T.HE PANDEMIC has produced all sorts of strange economic results. The most recent curiosity is the growing number of complaints in America about labor shortages, even though 8 million fewer people are working today than they were before Covid-19. In early April, Bloomberg reported that Delta Air Lines had canceled 100 flights due to staff shortages. People are so hard to find that a Florida coffee shop turned to robots to greet customers and deliver groceries. A McDonald’s branch pays potential burger flippers $ 50 just to show up for an interview.
The data backs up the anecdotes. The total number of vacancies has been at its highest for at least two decades (see graph), which indicates that companies have many vacancies. Additionally, vacancies result in fewer hires than you would expect given the historical relationship between the two. And even taking into account changes in the composition of the workforce, wage growth was surprisingly robust at around 3%, suggesting that companies are offering larger wage packages to tempt workers. If job shortages persist, it could ultimately boost inflation and jeopardize economic recovery.
There are three possible explanations for the puzzling deficiency: benefits that are too generous; anxious workers; and a redistribution of labor between industries. Start with America’s huge handouts. The latest stimulus checks, released in the spring, totaled up to $ 1,400 per person. Apparently every American knows the friend of a neighbour’s cousin who received a “okay” check and then quit his job to sit on the sofa. A federal allowance for unemployment insurance (user interface), currently $ 300 per week, ensures that four out of ten unemployed people earn more from benefits than in their previous job. Economic research has long shown that more generous benefits provide blunt incentives for job search.
However, that relationship appears to have weakened during the pandemic. The fact that in is increasing user interface The time-limited payments can result in workers unwilling to turn down a job with longer-term rewards. At the beginning of the pandemic the user interface The supplement was even more generous at $ 600, but its summer expiration had “little impact on overall employment,” according to an article published in February by Arindrajit Dube of the University of Massachusetts-Amherst. In those areas where the current $ 300 increase represents a relatively larger income boost, employment growth has not slowed since January when this lift was introduced.

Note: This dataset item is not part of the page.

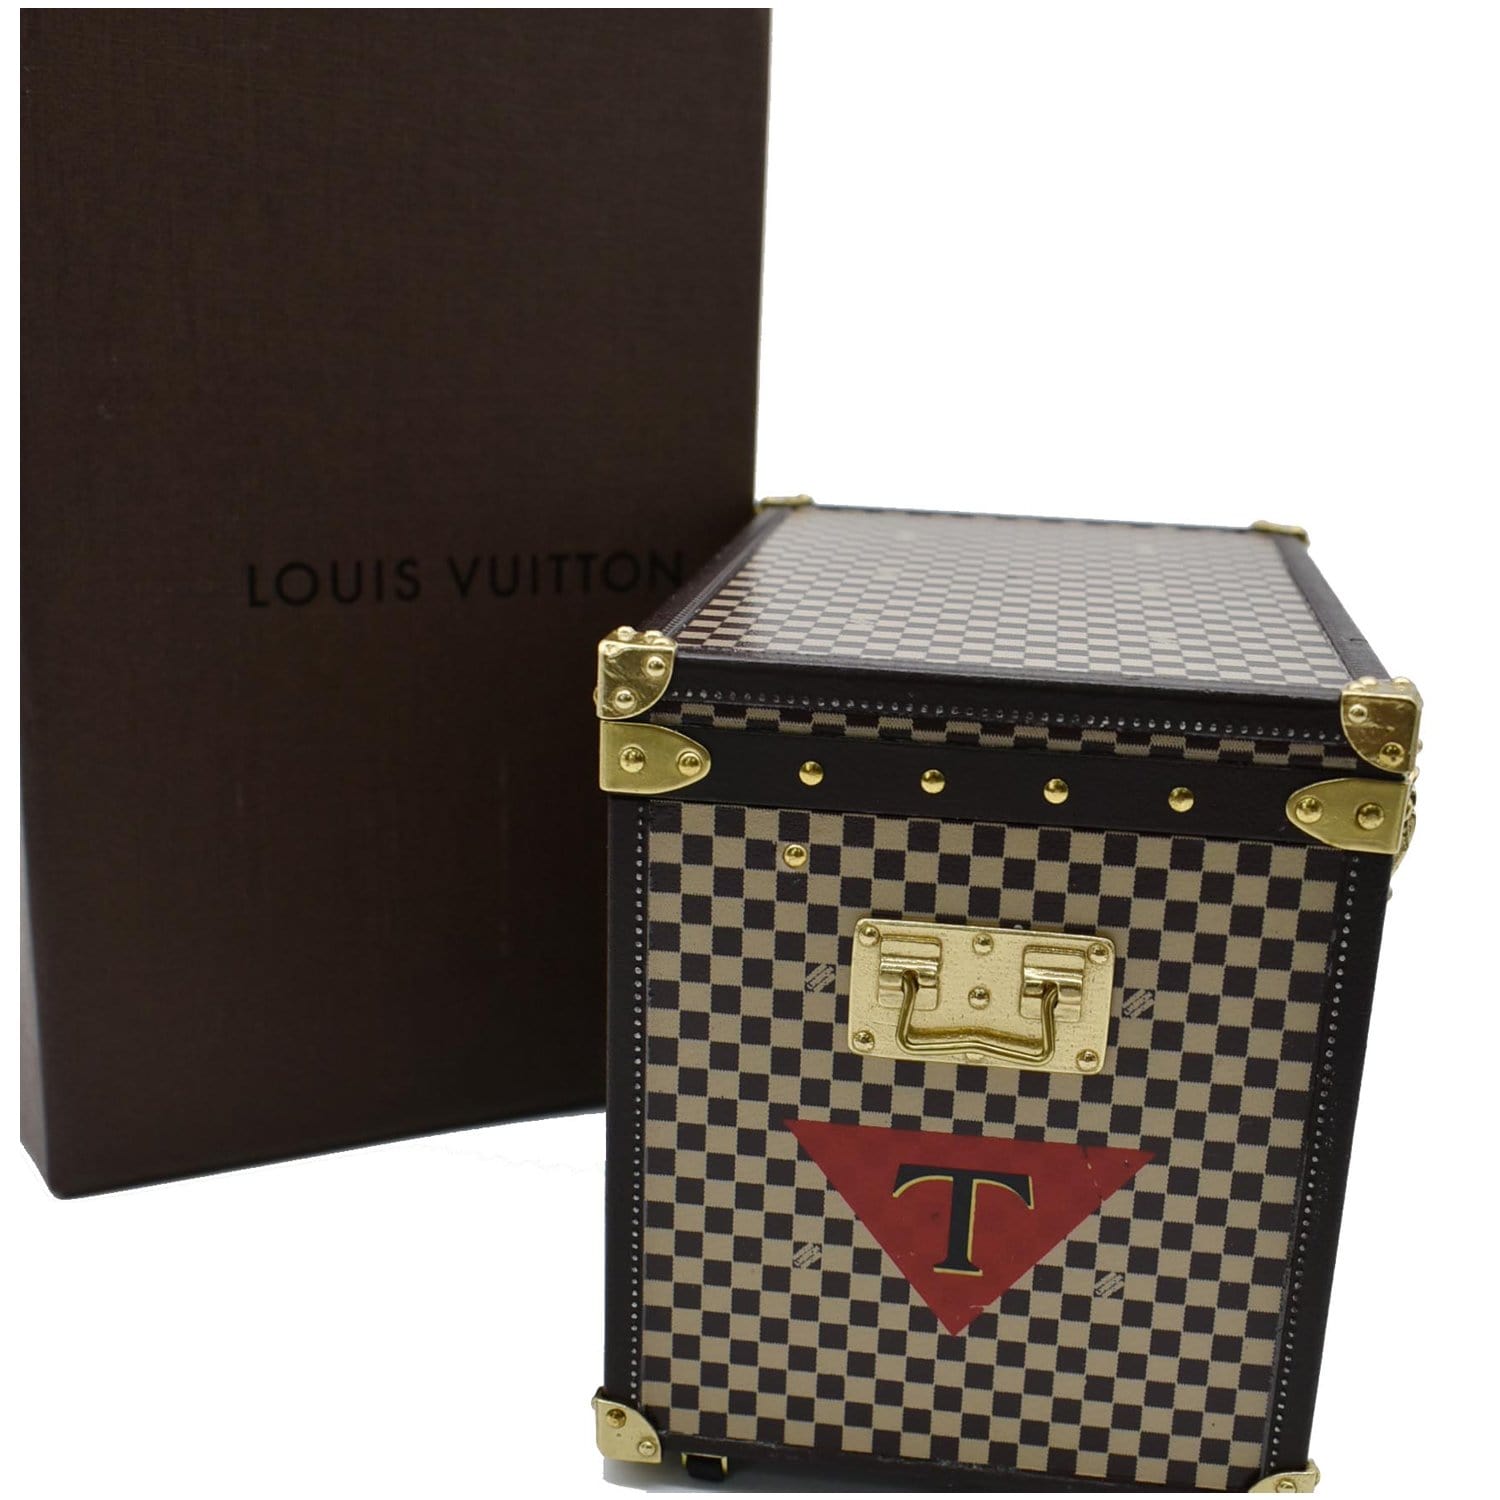 LOUIS VUITTON MINI MALLE CHAPEAUX VIP gift Hats Trunk Jewelry box Damier
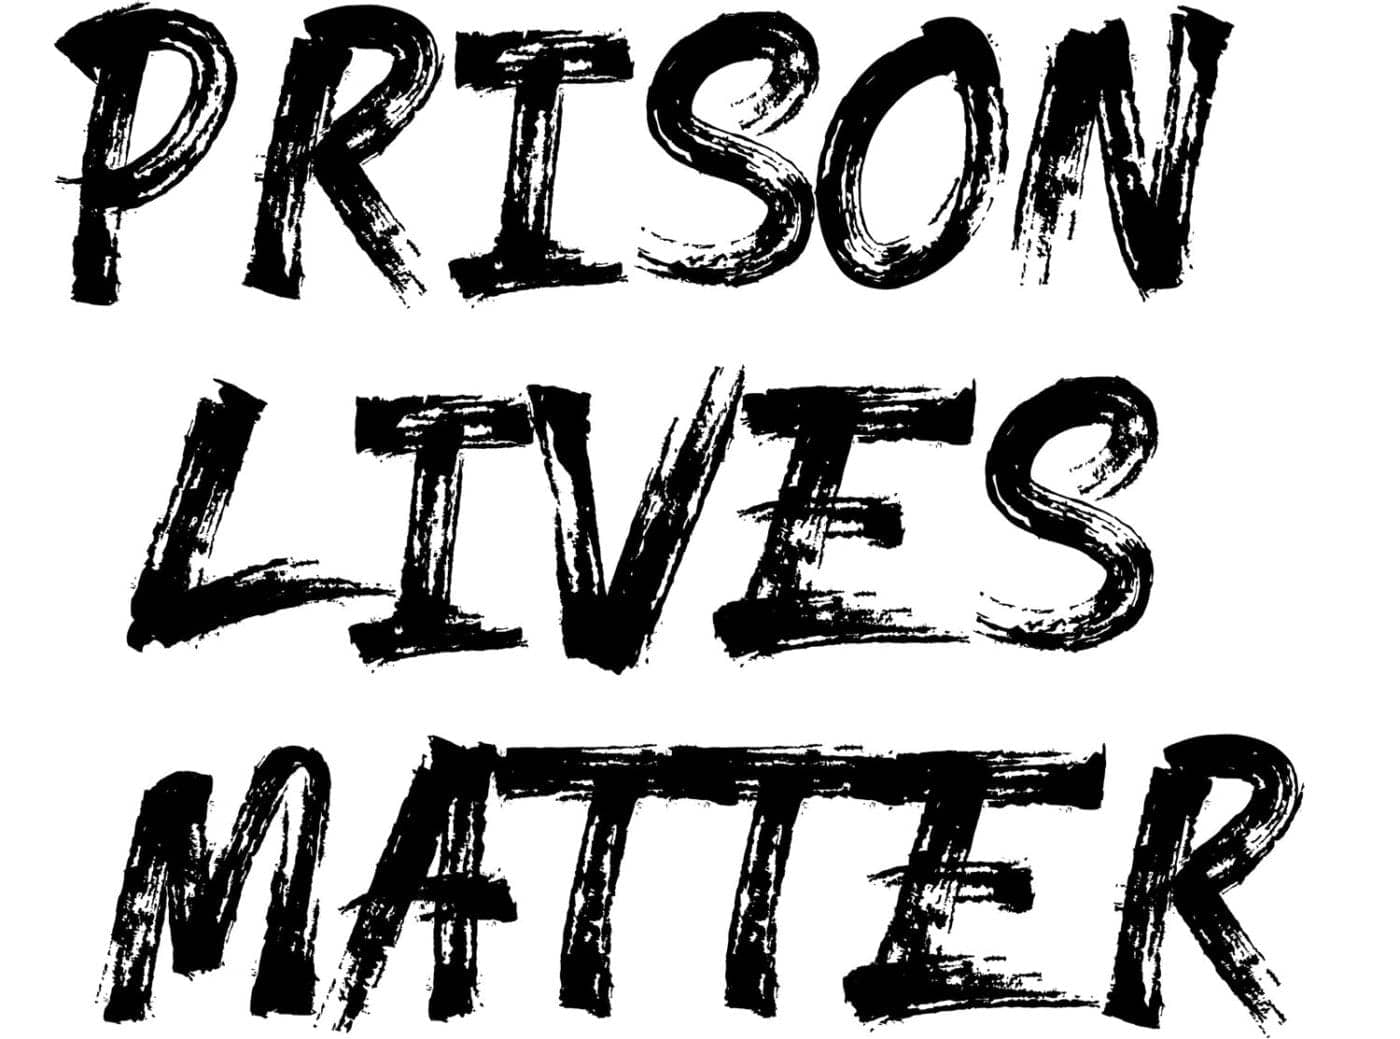 Prison-Lives-Matter-logo-1400x1039, Repression breeds resistance and rebellion, Behind Enemy Lines

This suggests that the second factor, fear, might be important in explaining the American staff shortage. According to official information, almost 4 million people are not looking for work “because of the coronavirus pandemic”. And think about which industries are facing the greatest labor shortage. Health, leisure, and hospitality jobs have the highest levels of vacancies relative to employment. Many of these involve high levels of personal contact, which makes their employees particularly susceptible to infection (a study from California earlier this year found that chefs are most at risk of dying from Covid-19). In contrast, in industries where it is often easier to keep social distance or to be outside, labor shortages are less of an issue. The number of vacancies per employee in the construction industry is lower today than it was before the pandemic.
The ultimate cause of the labor shortage is the extraordinary redistribution of resources running in the economy. The headline growth in job vacancies means opportunities have increased in some industries – for example, white-collar workers DIY Shops – while others decline, reflecting changing consumer demands. Analysis of The economist From over 400 local areas, there are also wide variations in job migration across regions: the gap between employment growth in the busiest areas and that in struggling areas is twice as large as it was before the pandemic. Workers can take their time to catch up on this creative destruction. For example, a former bartender looking for work in downtown Manhattan may not be able to quickly identify and secure a position as a delivery driver in more distant Westchester.
As vaccinations continue to reduce hospital stays and deaths from Covid-19, and limit the spread of the disease, Americans’ fears of taking high-contact jobs should also ease. However, if the bottlenecks are to be completely resolved and the threat of inflation is to be contained, some unemployed will also have to work in sectors and areas that are new to them. ■
A version of this article was published online on April 27, 2021
This article appeared in the Finance & Economics section of the print edition under the heading “Help Wanted”.